Chavez deepened past pledges to share his country's oil wealth as he addressed a summit on Saturday of nations taking part in Venezuela's Petrocaribe oil initiative, which supplies fuel under preferential terms.
"If we truly unite ... the grandchildren of our grandchildren will have no energy problems," Chavez said.
He predicted oil prices will soon hit US$100 a barrel but said "the Caribbean shouldn't have problems this century and beyond."
"Venezuela puts this oil wealth at the disposition of our peoples of the Caribbean," Chavez said. "We're going to share it like Christ ... It will be enough for everyone."
Venezuela still counts the US as its top oil buyer, although Chavez has sought to diversify his clientele amid tensions with Washington by selling more to Latin America, the Caribbean and as far away as China.
Since 2005, when Chavez created Petrocaribe, 14 countries have joined Venezuela's pact, which lets them finance up to half their oil bills over 25 years at low interest.
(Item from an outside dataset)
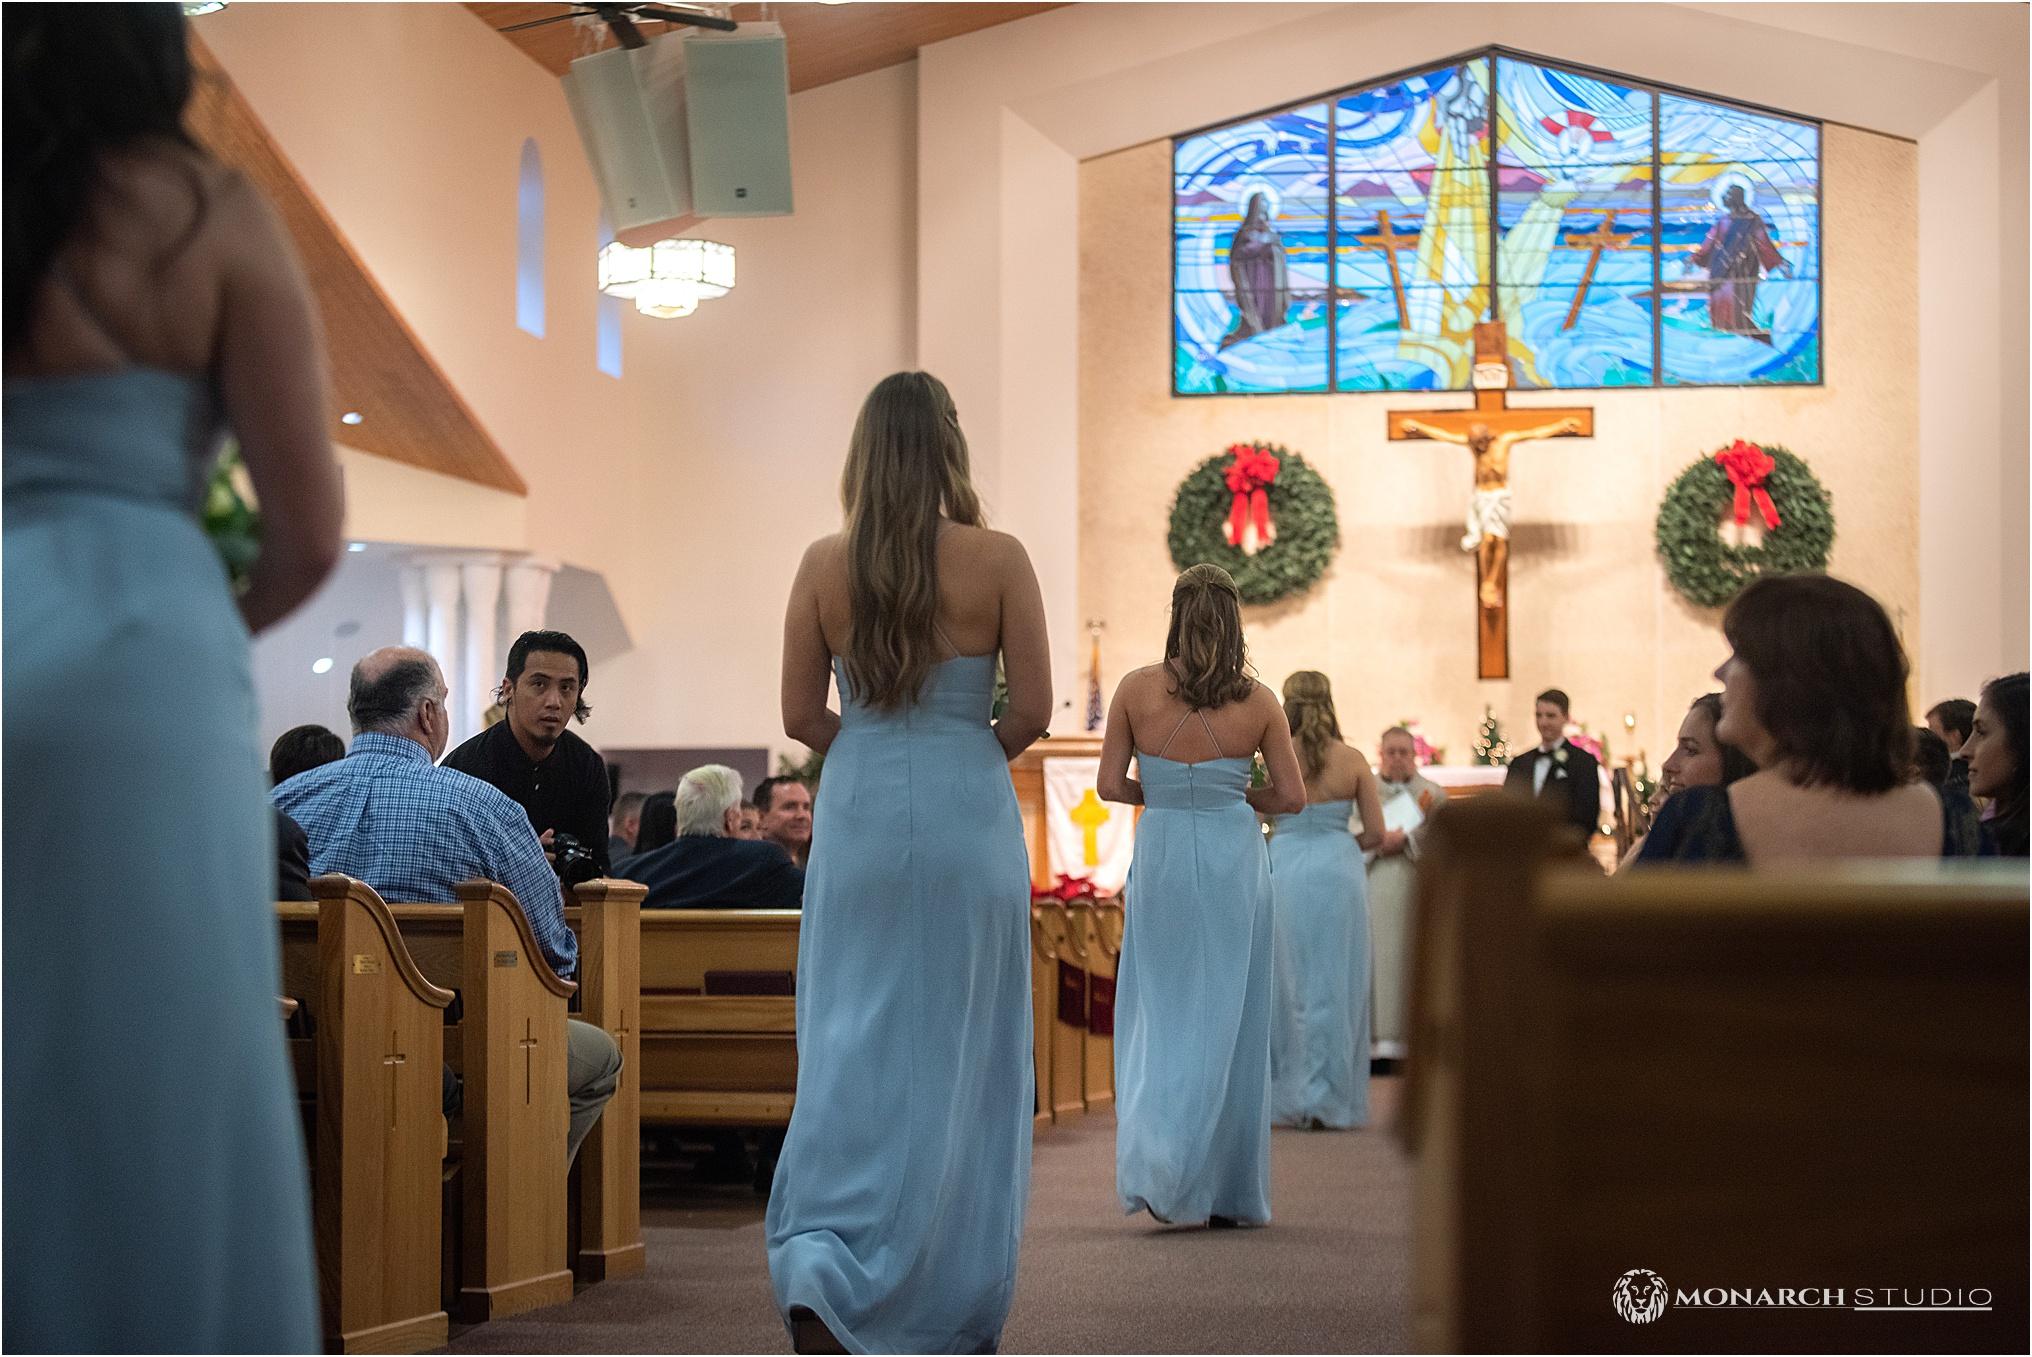 saint-augustine-wedding-photographer-treasury-018.jpg

That number expanded to 15 on Saturday with the addition of Nicaragua, whose president Daniel Ortega attended the talks.
Leaders of nine countries signed a treaty proposed by Chavez in which Venezuela pledges to guarantee energy supplies and help the nations develop alternative energy sources. Countries that signed were Haiti, Grenada, St. Vincent and the Grenadines, Nicaragua, Jamaica, Suriname, Dominica, Belize and Cuba.
Under Petrocaribe, nations are generally allowed to pay off part of their oil bills in goods and services. Dominican President Leonel Fernandez said his country hopes to begin an exchange program offering hotel and tourism training to visiting Venezuelans.
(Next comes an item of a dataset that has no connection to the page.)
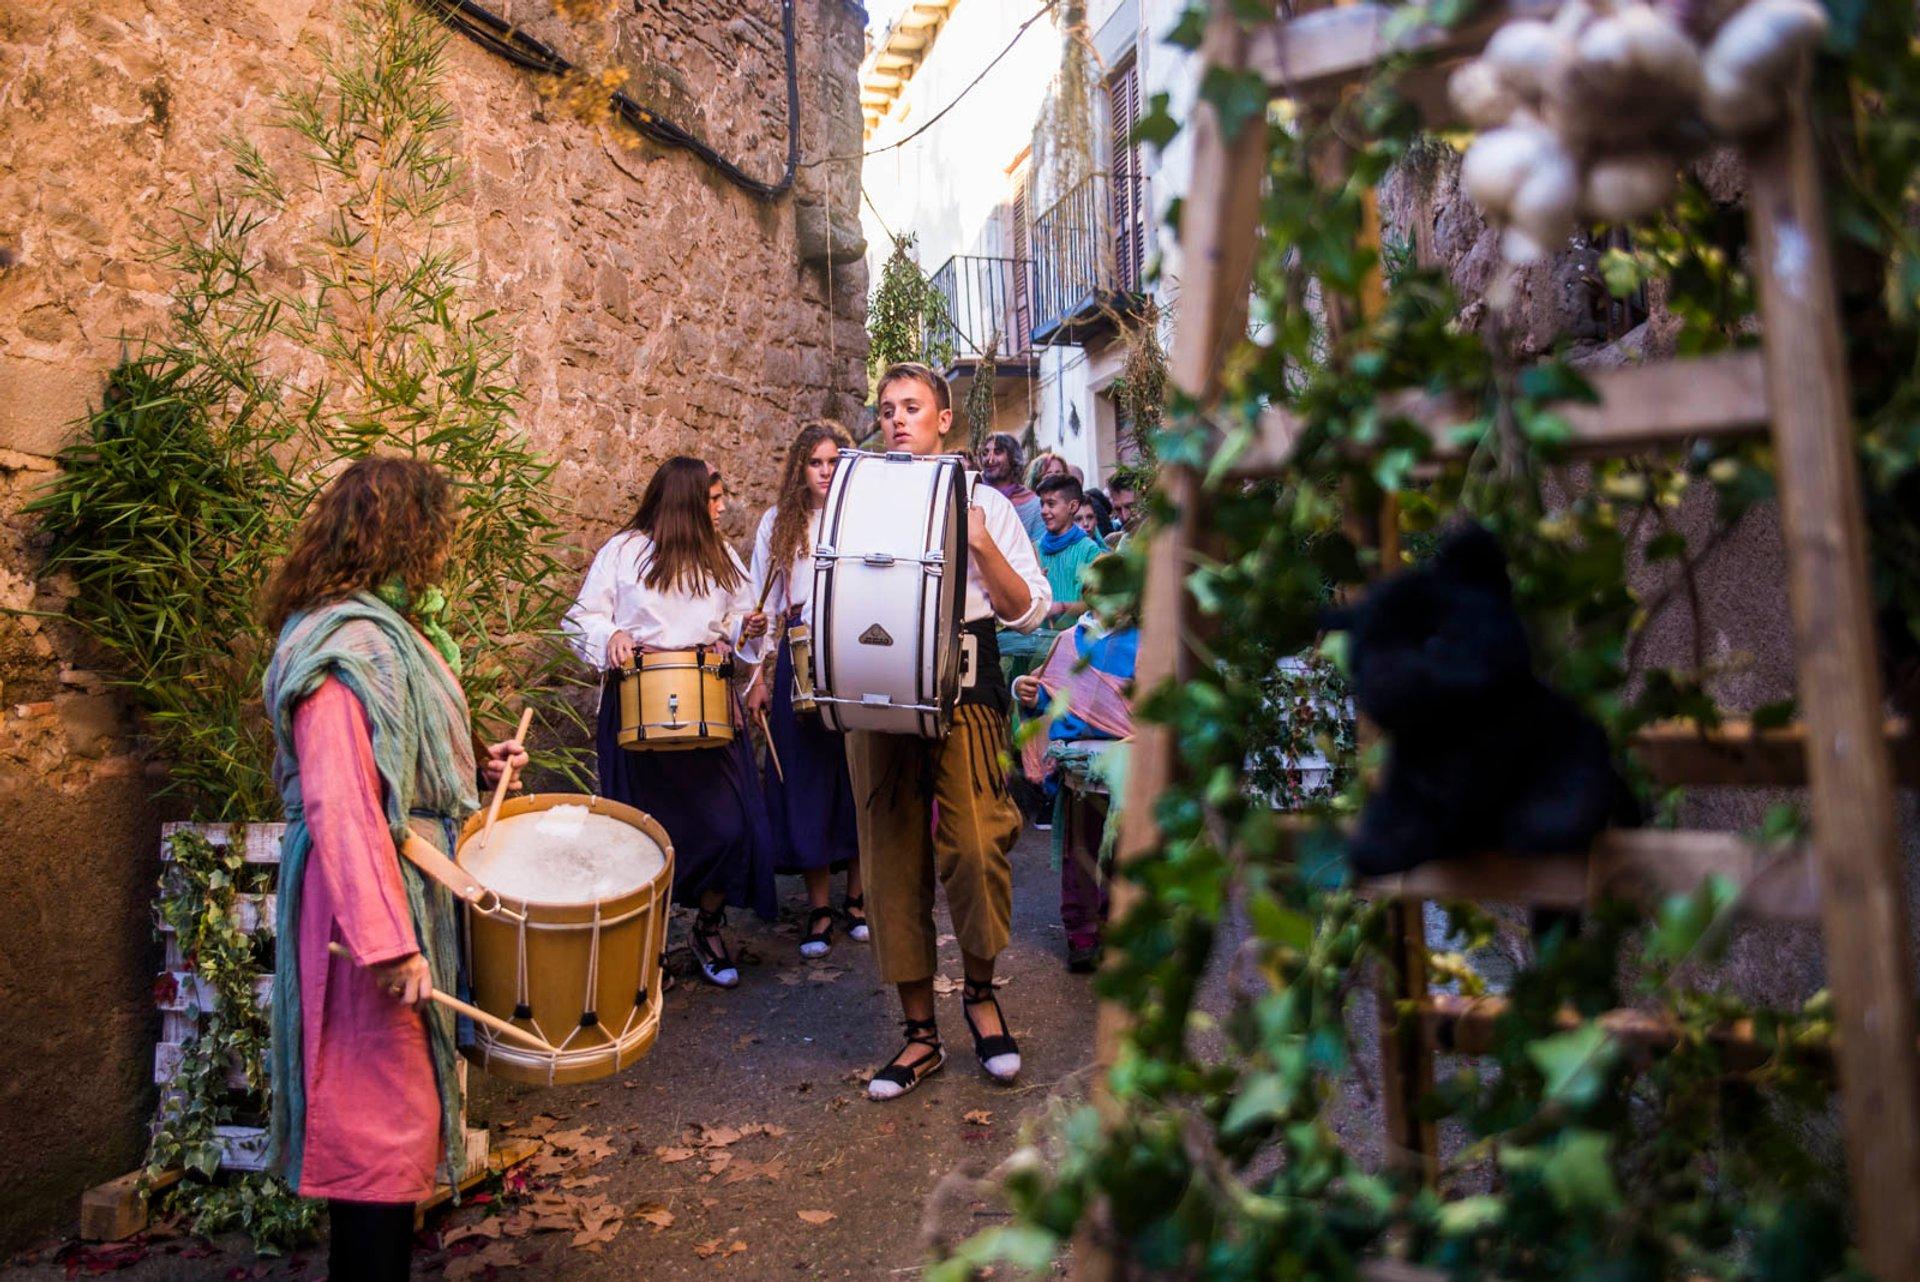 Fira de les Bruixes in Sant Feliu Sasserra 2020

Caribbean countries have already financed nearly US$1 billion in fuel purchases, and due to interest as low as 1 percent have seen savings of US$450 million, Chavez said.
Oil Minister Rafael Ramirez said on Friday that Venezuela is also making progress helping upgrade or build refineries in Cuba, Jamaica and Dominica -- an effort that comes as Chavez's government seeks to decrease its reliance on a network of US refineries.
Chavez used the meeting to support his ally Cuba, saying the island is regularly excluded from other summits. Blaming the US, he recalled a 2005 gathering in Argentina and said: "How is it that we accept Cuba not going to that meeting?"
"I swear by my mother ... if there is another one of those summits and Cuba doesn't go, Venezuela won't go to that summit either because it doesn't seem fair," Chavez said.
"I know most of you talk with the US government, the majority of our friends in the Caribbean, except Cuba and us," Chavez said. "But I hope someday we can all sit down at the same table, as equals and with respect, with the president of the United States, whoever it is."
He also proposed to one day build an undersea natural gas pipeline stretching from gas-rich Venezuela to Cuba and possibly Mexico. He said it would touch the US territory of Puerto Rico, and said: "When will Puerto Rico be free? The day will come."